(Collected material)

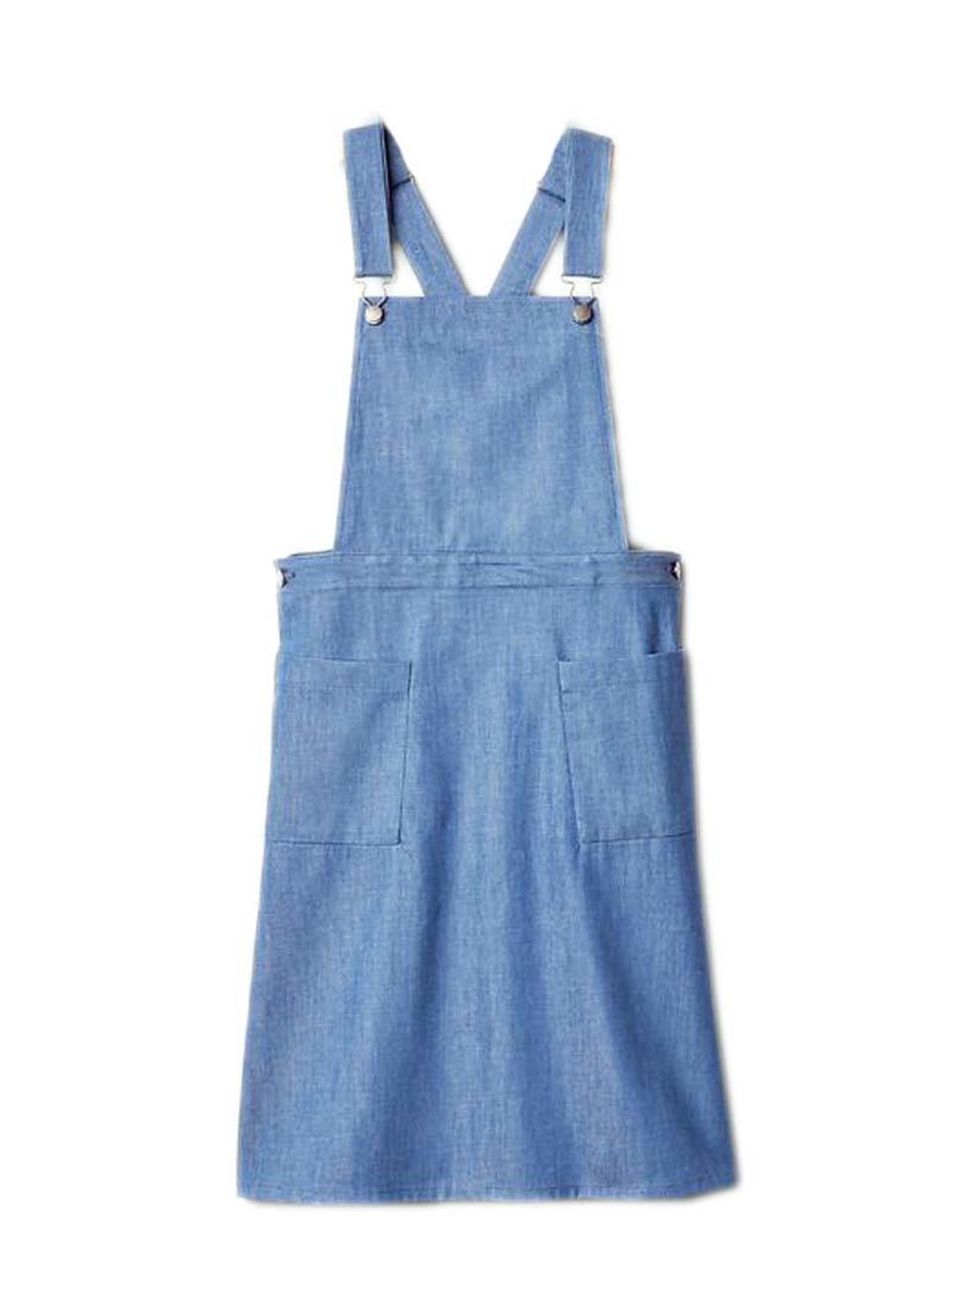 <p>Editorial Assistant Gillian Brett will layer this denim dress over a fine-knit rollneck.</p>

<p><a href="http://www.gap.co.uk/browse/product.do?cid=1028671&vid=1&pid=000227292000" target="_blank">Gap</a> dress, £49.95</p>
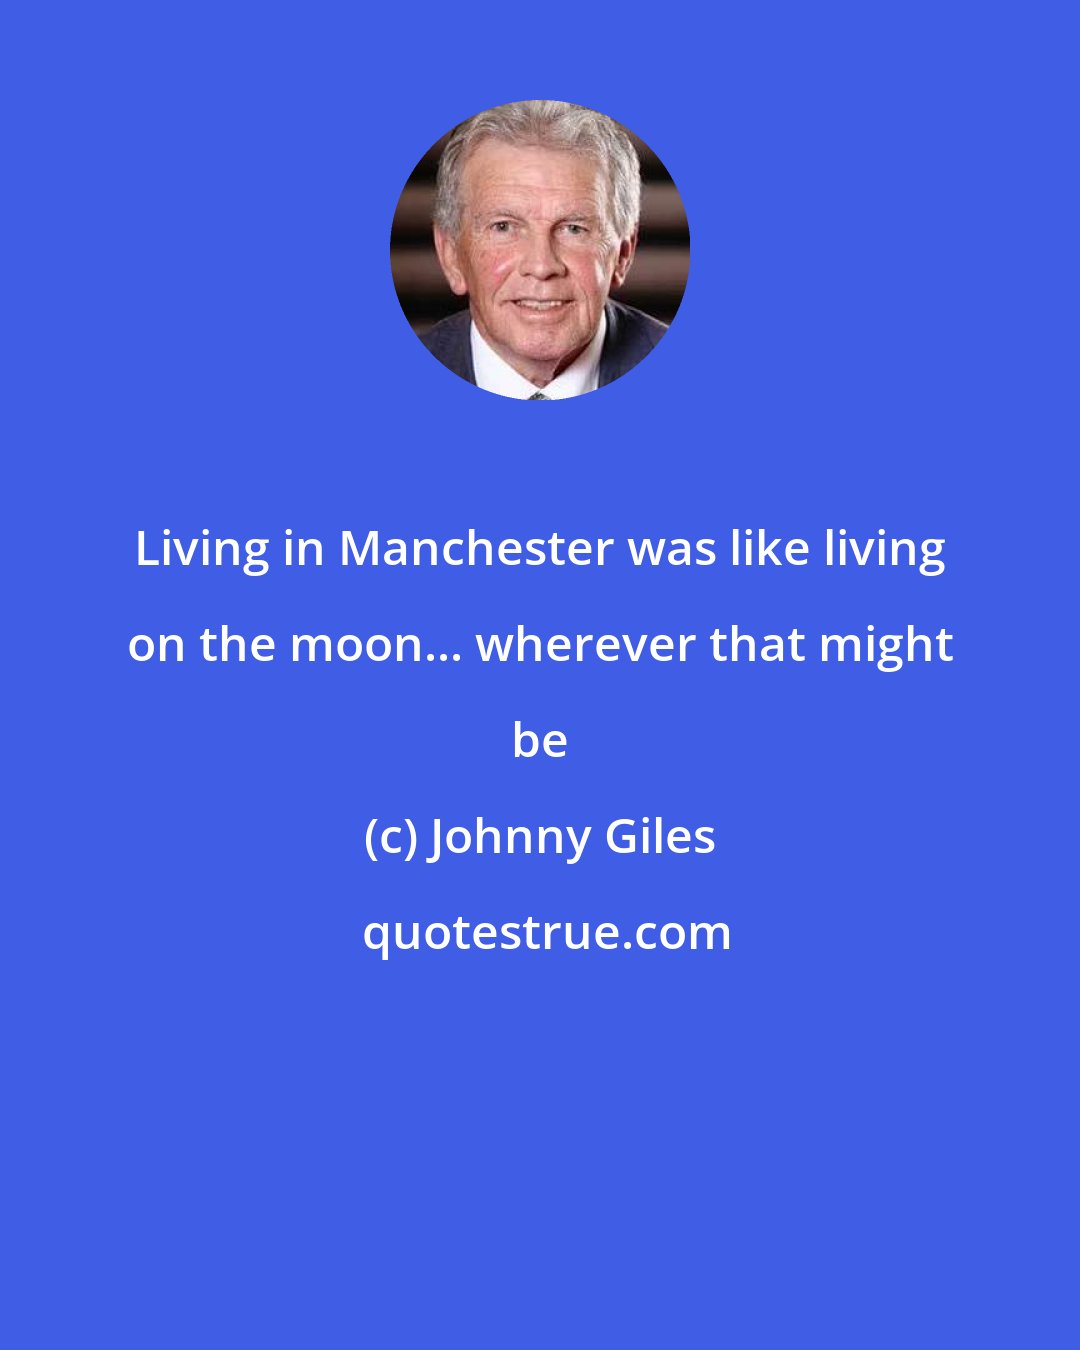 Johnny Giles: Living in Manchester was like living on the moon... wherever that might be
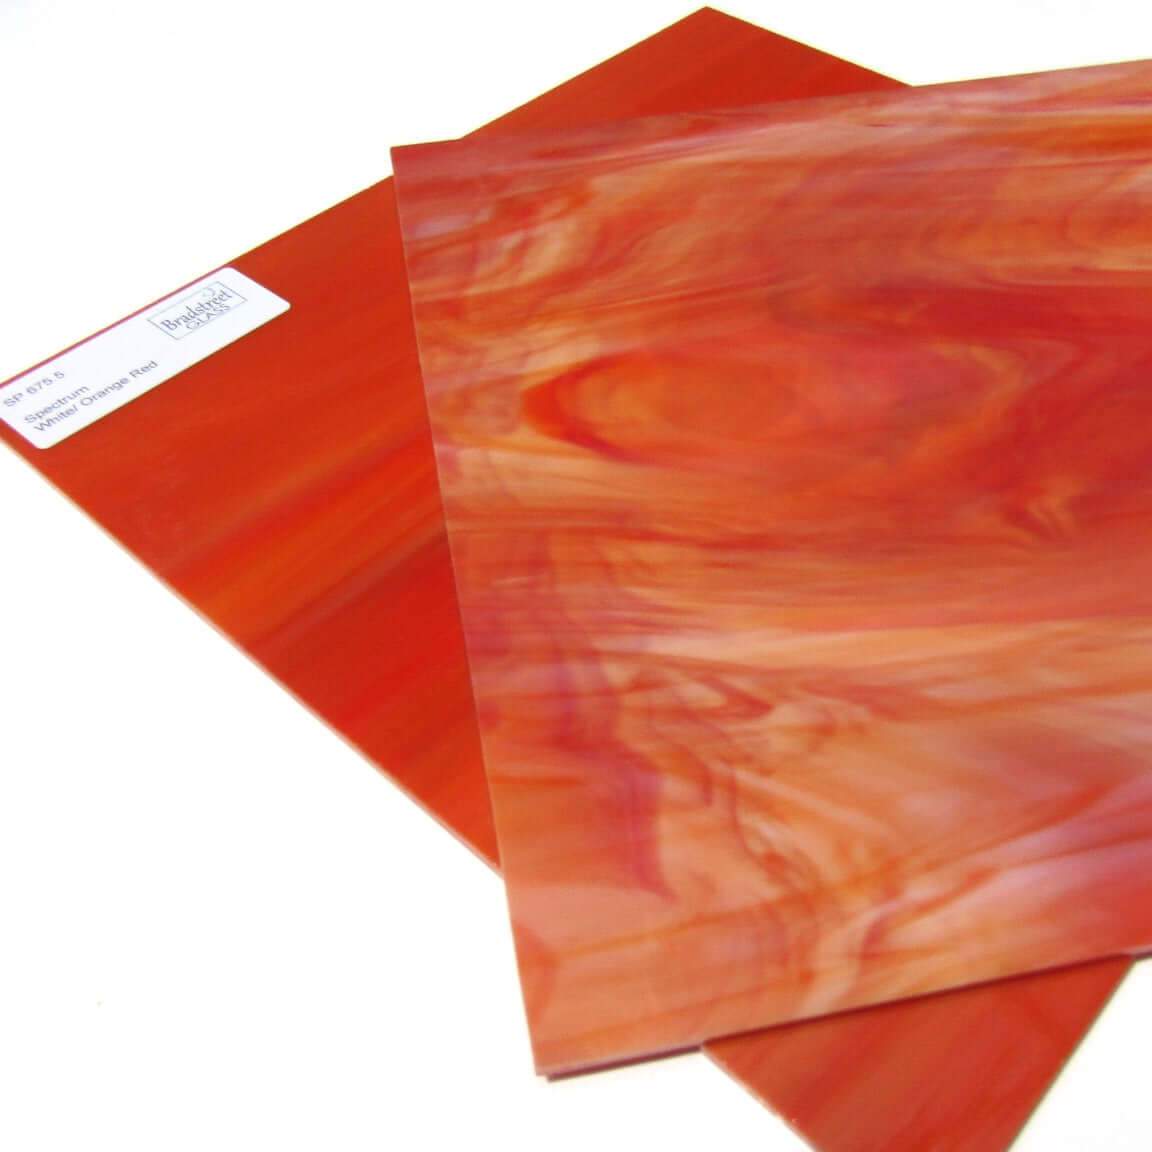 Spectrum SP 675.5 Stained Glass Sheet, White, Orange, and Red Streaky Swirled Opaque

(End Collected material)

> [The task] Please transcribe the listing exactly as it stands, but omit its pictures.

> [Result for this exercise]
 <p>Editorial Assistant Gillian Brett will layer this denim dress over a fine-knit rollneck.</p>

<p><a href="http://www.gap.co.uk/browse/product.do?cid=1028671&vid=1&pid=000227292000" target="_blank">Gap</a> dress, £49.95</p>
 Johnny Giles: Living in Manchester was like living on the moon... wherever that might be
 Spectrum SP 675.5 Stained Glass Sheet, White, Orange, and Red Streaky Swirled Opaque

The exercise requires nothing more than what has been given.